WHAT CHANGED IN JULY 2026
● Claude Fable 5 is back (July 1) — export controls lifted June 30, restored globally. Retakes coding crown at 80.3% SWE-bench Pro. $10/$50/M. Max, Team, Enterprise plans.
● Claude Sonnet 5 launched (June 30) — new default for Free and Pro. Beats GPT-5.5 on 6/6 comparable benchmarks. $2/$10 intro through Aug 31.
● GPT-5.6 Sol/Terra/Luna — restricted government preview only. General availability expected mid-July. Not in rankings until publicly accessible.
● Sora 2 consumer app retired April 26 — Veo 3.1 now leads video generation. Sora 2 API available to developers until September 24, 2026.
● Gemini 3.5 Pro — targeted July general availability. Not yet widely available at time of writing.
● Open-weight models — DeepSeek V4 (80.6% SWE-bench Verified), MiniMax M3 (80.5%), Kimi K2.7 (80.2%) now match Gemini 3.1 Pro at a fraction of the price.
Best AI for Coding — July 2026
| Model | SWE-bench Pro | SWE-bench Verified | Price (in/out per 1M) | Verdict |
| Claude Fable 5 ✓ #1 | 80.3% | 95.0% | $10/$50 | Highest ceiling, back July 1 |
| Claude Opus 4.8 — Best value flagship | 69.2% | 88.6% | $5/$25 | Best everyday pick for most teams |
| Claude Sonnet 5 — Best value per dollar | 63.2% | ~80%+ | $2/$10 intro | Beats GPT-5.5 at lower cost |
| GPT-5.5 — Best SWE-bench Verified | 58.6% | 88.7% | $5/$30 | Best ecosystem, Codex included |
| Grok 4.3 — Best API price | ~63-75%* | ~72-75%* | $1.25/$2.50 | Cheapest major-lab API |
| DeepSeek V4 — Best open-weight | ~65% | 80.6% | $0.14/$0.28 | Best open-source alternative |
* Grok 4 scores vary significantly by testing conditions — vendor-reported vs independent Scale SEAL results differ substantially. Use directionally.
July verdict for coding: Claude Fable 5 reclaims #1 at 80.3% SWE-bench Pro. For most teams, Claude Opus 4.8 at $5/$25 is the practical default. Claude Sonnet 5 is the best value — beats GPT-5.5 on every comparable benchmark at half the price. Fable 5 is worth the premium only if you need the highest coding ceiling for long-horizon agentic runs.
Best AI for Research and Reasoning — July 2026
#1 Gemini 3.1 Pro — Deep Research and Multimodal Reasoning
GPQA Diamond leader (94.3%). 1M token context.

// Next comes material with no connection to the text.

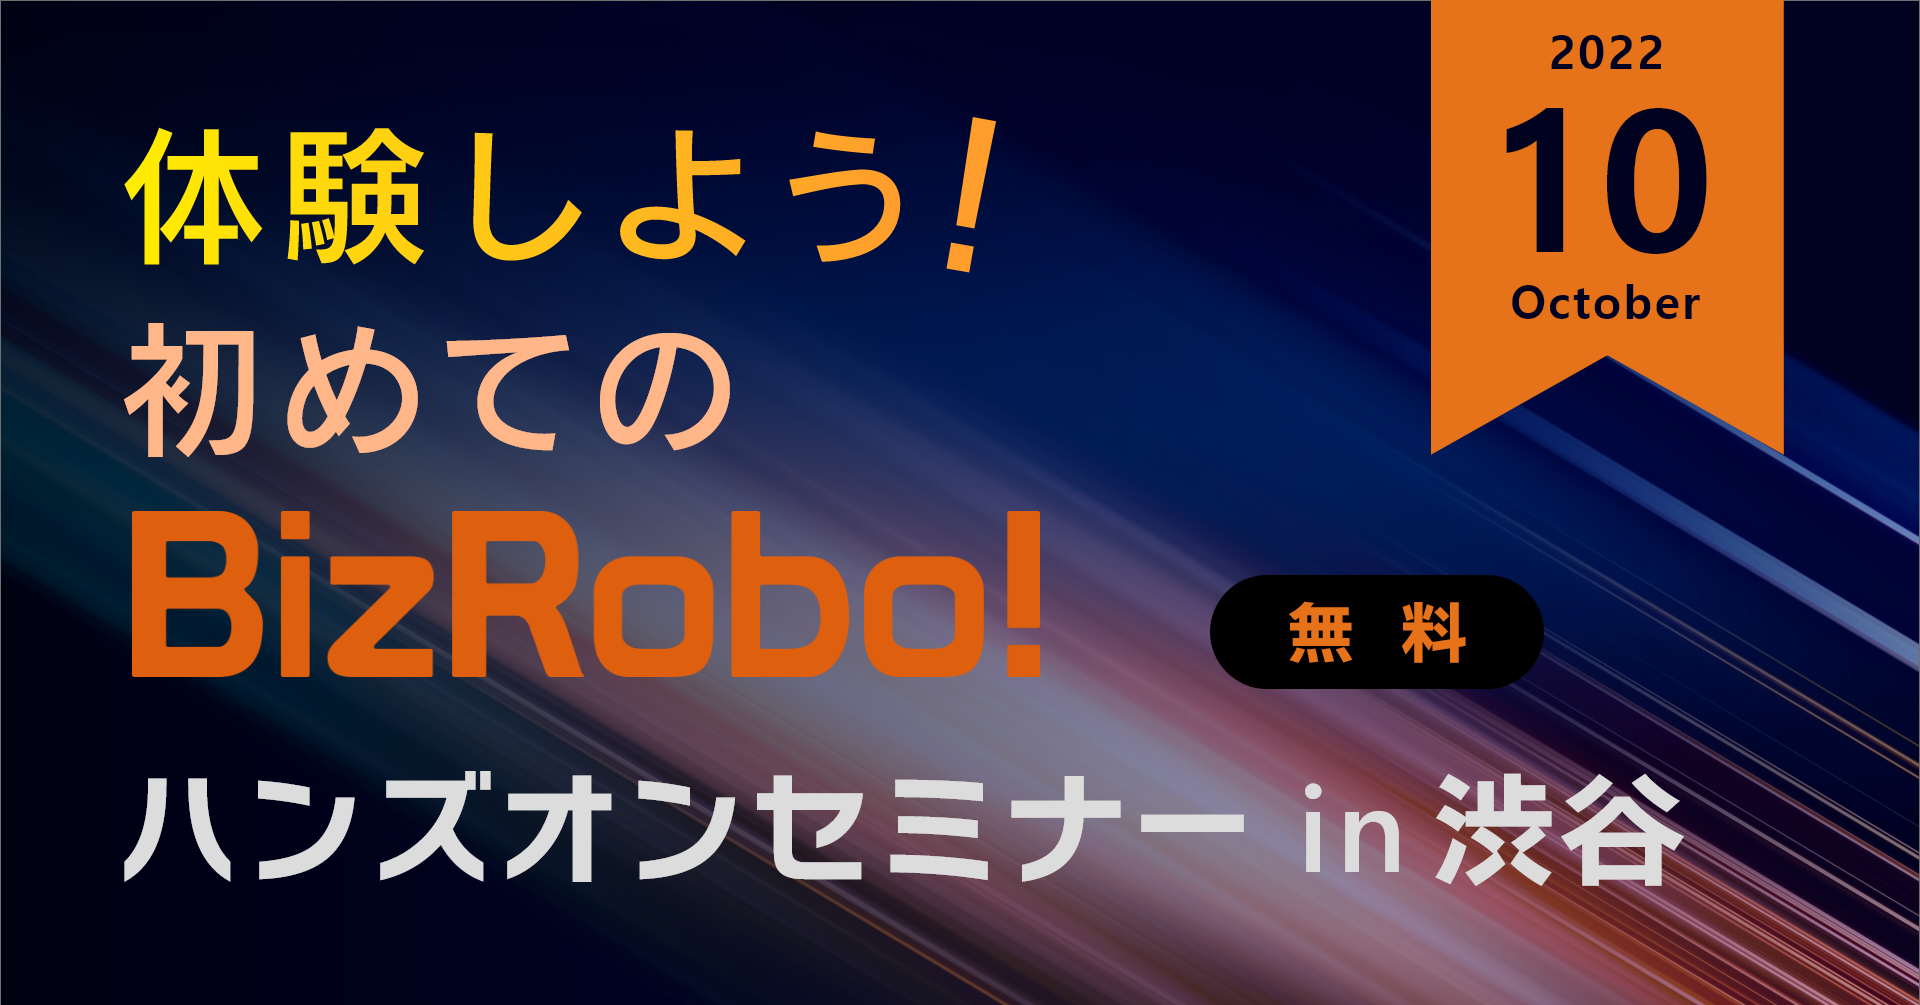 体験しよう！初めてのBizRobo! ハンズオンセミナー in 渋谷【10月】

Native multimodal (text, image, video, audio). Google AI Studio and Vertex AI. $2/$12 per million tokens. Best for: academic research, scientific literature review, long-document synthesis requiring multimodal input. Gemini 3.5 Pro targets July GA and could reset this ranking when it ships.
#2 Claude Opus 4.8 — Hardest General Reasoning
Tops Humanity's Last Exam with tools (57.9%) and without (49.8%). Leads GDPval-AA (1,890 Elo — economically valuable knowledge work). $5/$25. Best for: complex multi-step reasoning chains, professional research, long-context analysis where the answer cannot be looked up.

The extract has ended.